Одиссей медленно, шагом, направил лошадь туда, где Скамандер скрывался под деревянным мостом недалеко от подножия холмов. Там с облегчением спешился и приготовился ждать.

Он захватил достаточно еды, чтобы хватило на двоих, но готовился наслаждаться спокойствием и тишиной дня в одиночестве.

Солнце начало опускаться, когда он, наконец, увидел всадника, направляющегося к нему от края леса. Одиссей с первого взгляда узнал Гектора по могучим размерам и по тому, как тот держался на коне. Когда Гектор подъехал ближе, Одиссей увидел, что троянский царевич сильно постарел со времени их последней встречи.

Гектор натянул поводья жеребца и мгновение молча рассматривал Одиссея, потом спешился.

— Что ж, царь, — холодно сказал он, — мы снова встретились в странные времена. Сегодня ты посланец Ахилла?

Одиссей прожевал и проглотил кусок хлеба. Не ответив на вопрос, он жестом показал на черного коня Гектора.

— А где Арес? Он не мог состариться. Я помню его жеребенком, а это было шесть лет тому назад.

— Великий Арес мертв, — Гектор вздохнул; его напряженность исчезла, и он сел на берегу реки. — Он пал в битве у Скамандера, пронзенный в грудь.

— Это я видел, — ответил Одиссей, нахмурясь, — но потом он встал и отважно спасал в реке твои войска.

Гектор кивнул, на лице его была написана скорбь.

— У него было великое сердце. Но он был жестоко ранен. Он упал и умер, прежде чем мы сумели добраться до города.

— У этого коня дикий взгляд, — заметил царь, посмотрев на черного жеребца, который злобно зыркнул в ответ.

Гектор улыбнулся.

— Его зовут Герой. У него злой нрав. Это тот самый конь, что перепрыгнул через расщелину в Дардании. Ты слышал об этом?
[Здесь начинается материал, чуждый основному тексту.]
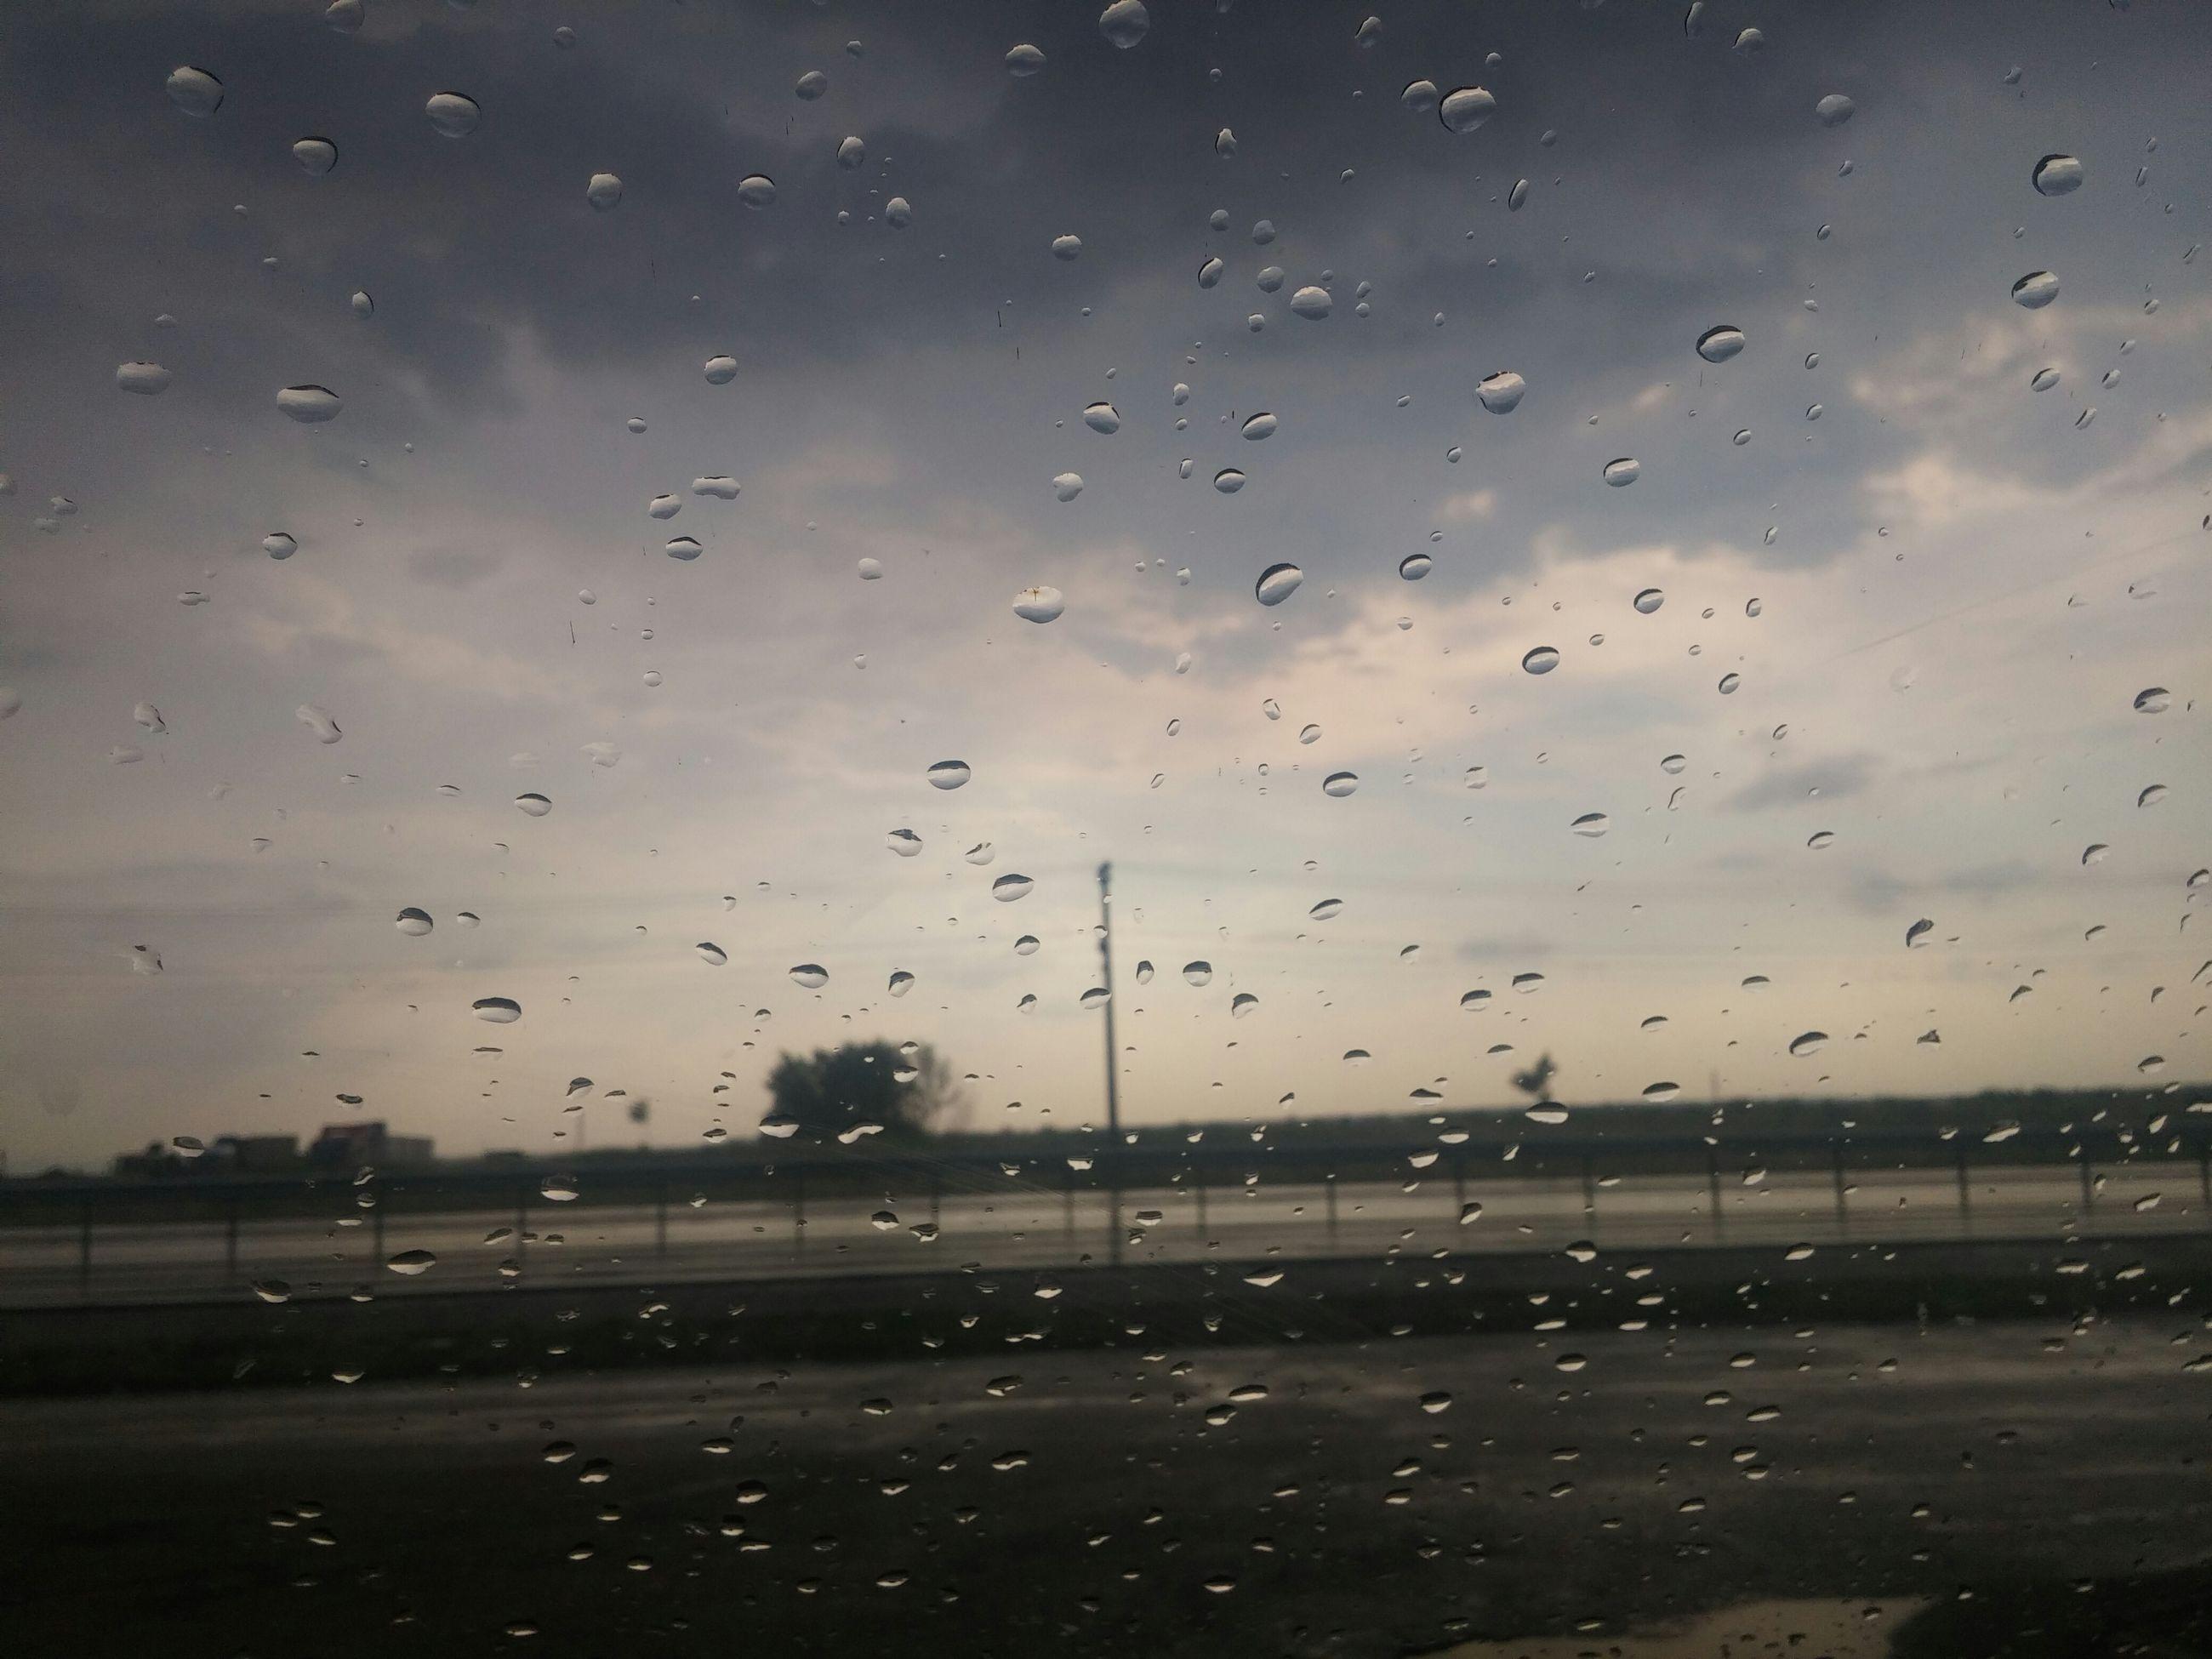 drop, wet, rain, sky, water, window, weather, raindrop, transparent, glass - material, indoors, dusk, cloud - sky, silhouette, glass, monsoon, season, nature, overcast, focus on foreground
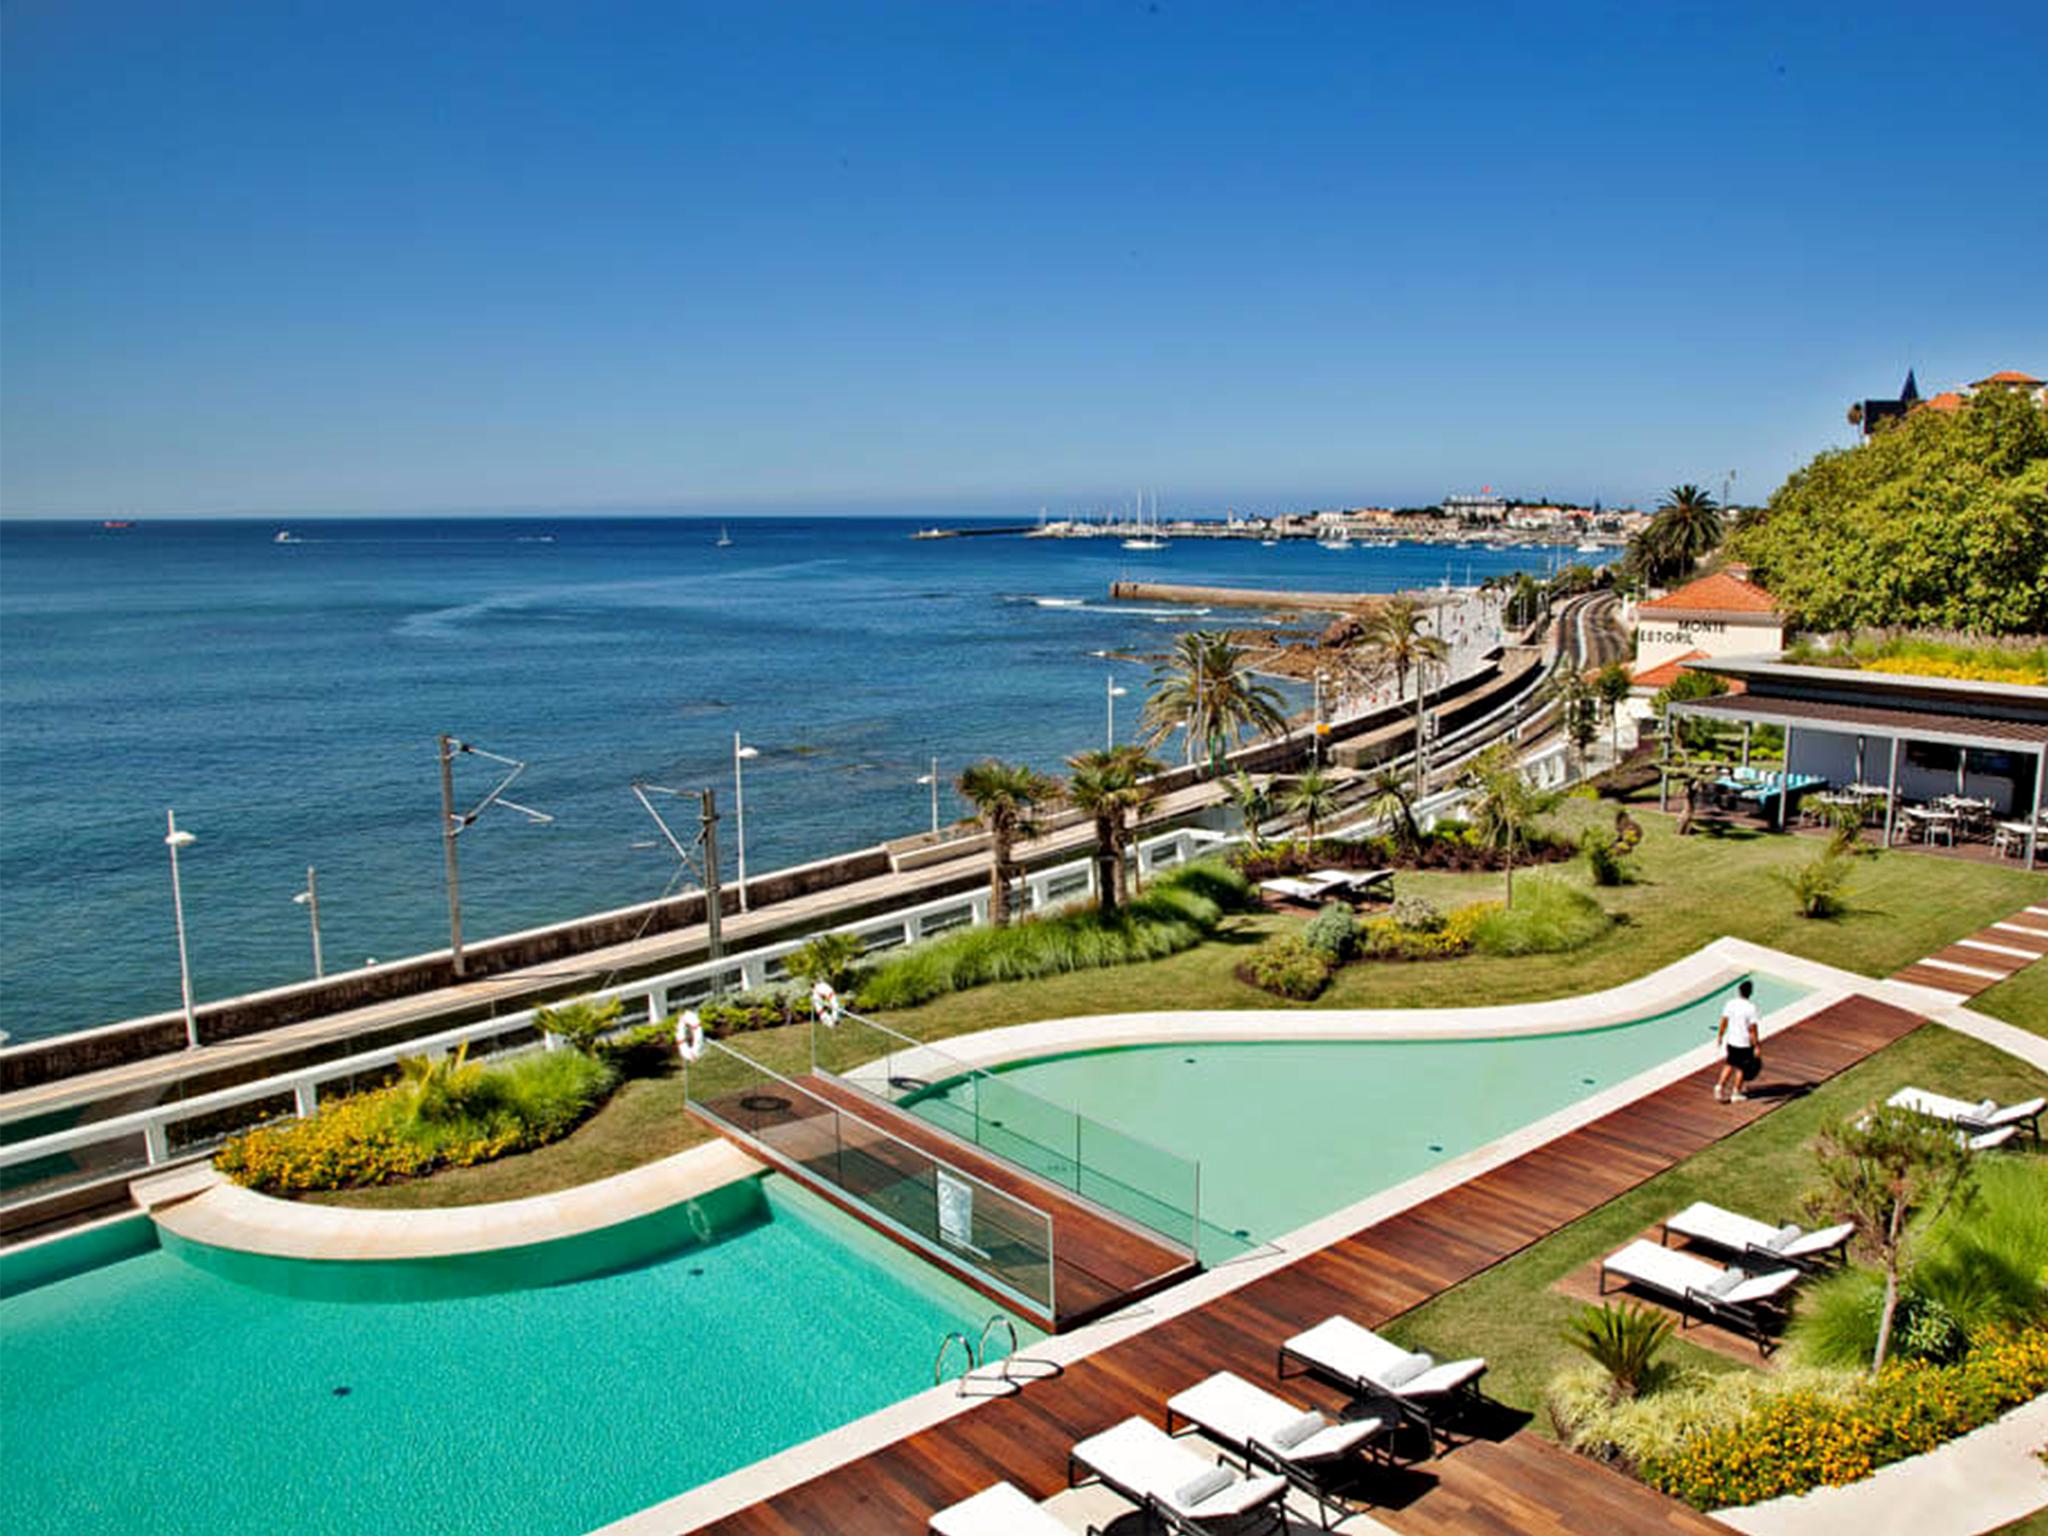 Hoteis, Hotel Intercontinental Estoril, Piscina

— Я придумал историю, — засмеялся Одиссей. — И удивлен, что у этого создания нет крыльев и огня, пышущего из ноздрей.

Гектор звонко рассмеялся.

— Рад видеть тебя, морской дядюшка. Я скучал по твоей компании и по твоим рассказам.

Одиссей увидел, что часть тяжкой ноши войны упала с плеч молодого человека.

— Вот, возьми хлеба и сыра. Не сомневаюсь, ты уже много дней не пробовал их. Это будет похоже на пир в Зале Героев.

Гектор с удовольствием принялся уминать еду, и Одиссей вытащил еще соленого хлеба, сыра и сушеных фруктов из кожаного мешка, висящего у него на боку. Там был также кувшин разбавленного водой вина. Они немного выпили, потом Одиссей лег на спину, закинув руки за голову. Голубое небо было настолько бледным, что казалось почти белым. Одиссей принюхался к вечернему бризу.

— Воздух пахнет осенью, — заметил Гектор, проглотив остаток хлеба. — Скоро может пойти дождь. Тогда город, скорее всего, продержится до зимы.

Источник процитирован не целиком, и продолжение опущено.